Thursday, August 20, 2009

Zonesort mostly parallelized, but... it's a pyrrhic victory

Well... I have finally parallelized Zonesort (just about, I still need to do some extra work to deal with degenerate - that is, almost sorted or almost reverse-sorted input - cases properly). But there's a problem. It needs better load balancing. And I can't see a good way to do that. A single gantt chart illustrates the symptoms neatly.

This is a graph of CPU utilization (color, red is 100%, white is 0%) by time (across) by worker thread number (down), for a four thread Zonesort using 3-way merging (except for merging the last four zone lists), while it is sorting 9,395,322 distinct integers in about 0.32 seconds.

I've finally parallelized the last few merge operations (though I had to increase the space requirements by a factor of sqrt((M+1)/M) to achieve that), as well as the zone shuffling operation, but there's a load balancing problem earlier on in the sort, making - in this case, which is typical - the overall running time about 6% worse than it should be. If I could fix that it would still be considerably slower (by at least 10%) than a stock-standard 3-way mergesort on the same input. So I don't think I'll bother.

The other sorting routines I've ever parallelized never had significant per thread storage requirements, the way this one seems to. I can't share available zone lists between threads easily (and, no, serializing access to a global available zone list doesn't strike me as a good idea at all; that would mean altogether too much synchronization), so for a P-threaded sort I'm dividing the input into P pieces and sorting each piece independently.

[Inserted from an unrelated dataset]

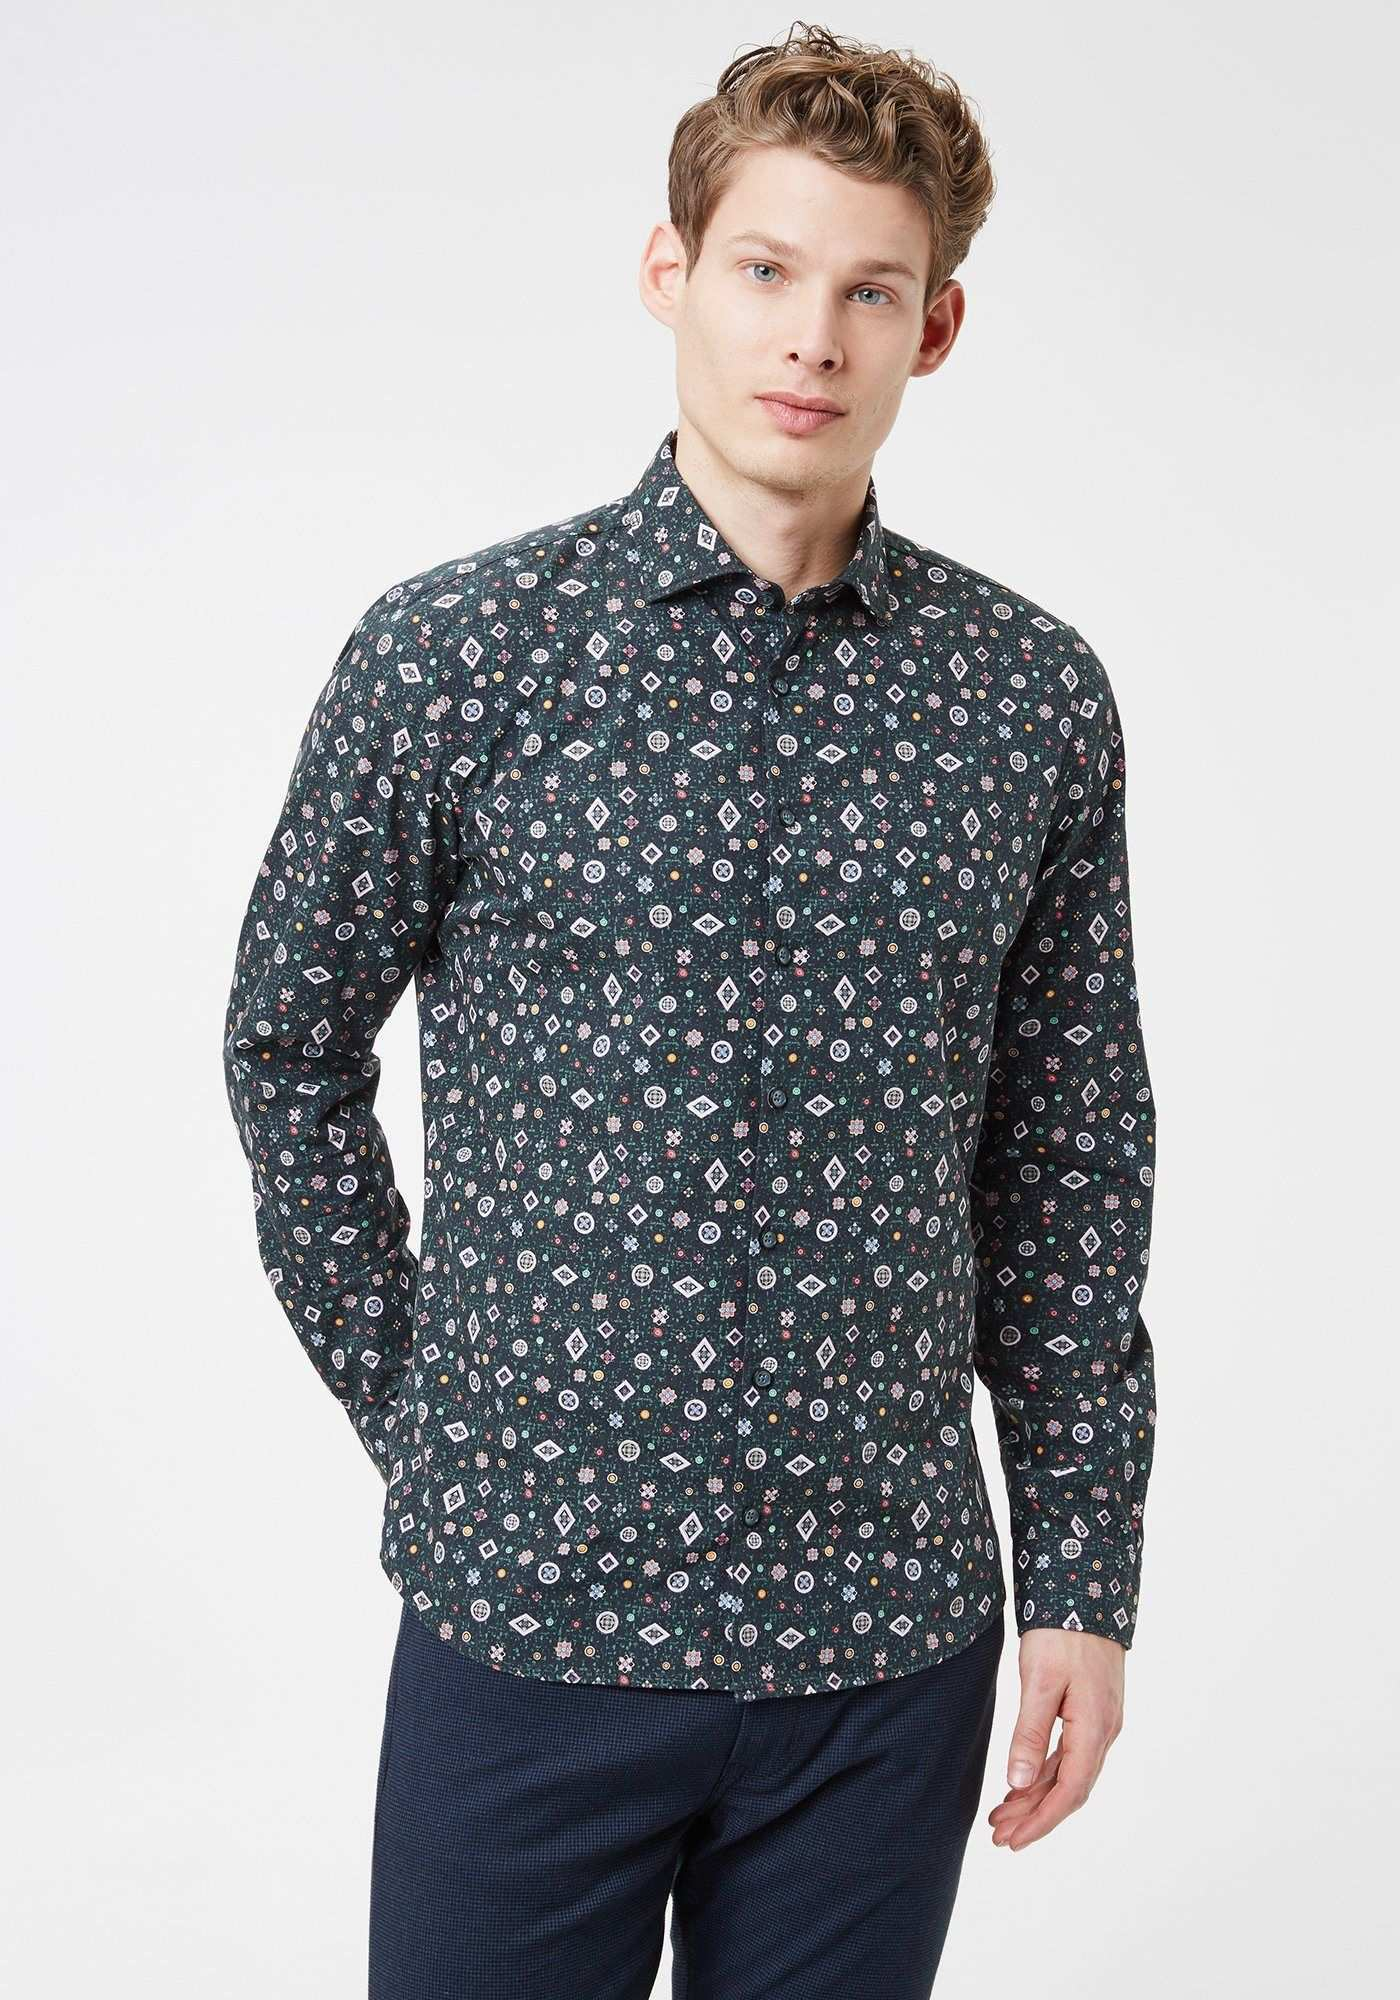 Otto Kern Hemd Popelinehemd Mit Grafikprint Slim Fit Jetzt Bestellen Unter Https Mode Ladendirekt De Herren Bekleidung Hemden S Hemd Herren Mode Modisch

But some cores - and some threads - run faster than others, and my heroic (for which, read: stupid) assumption, that those P independent sorts would each run in about the same time, is clearly wrong.

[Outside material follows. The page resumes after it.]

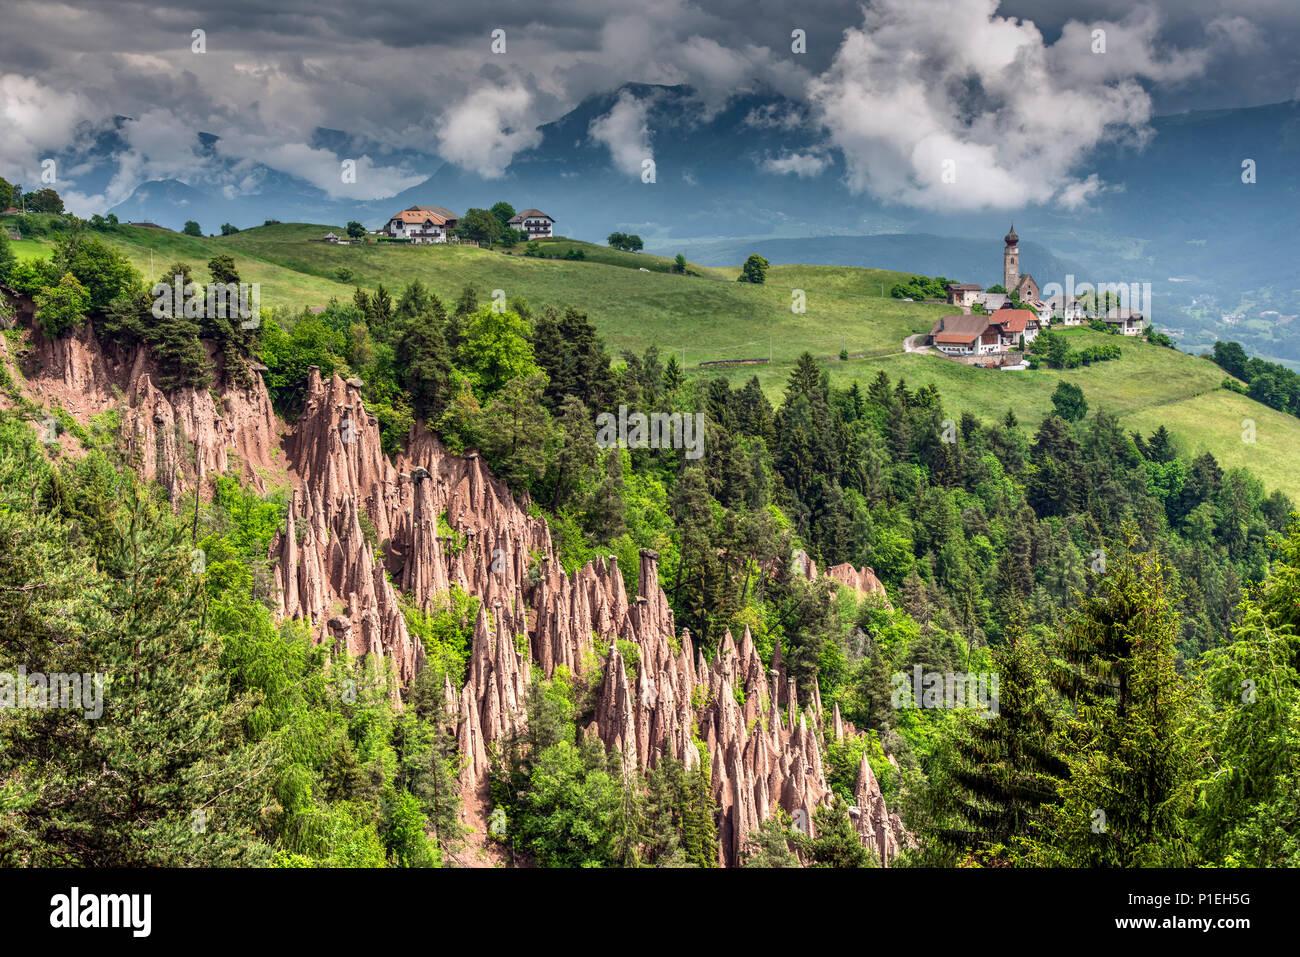 Earth pyramids, Renon - Ritten, Trentino Alto Adige - South Tyrol, Italy - Stock Image

I'm already using "barriers" in the last few merges and for the final zone shuffle (the time wasted by those barriers is visible in the gantt chart, and a barrier always means an idle thread), but at least I'm not doing any explicit thread control in the sort, and I'm not throwing away much extra memory (an important consideration when the whole point of this sorting routine is to save space compared to a standard merge sort) to co-ordinate threads running in parallel (so far I've been using up only about 200*P bytes on per-thread storage).

I'll post the parallel zoneSort once I've ironed out the bugs that stop it working for nearly-in-order or nearly-reverse-order inputs.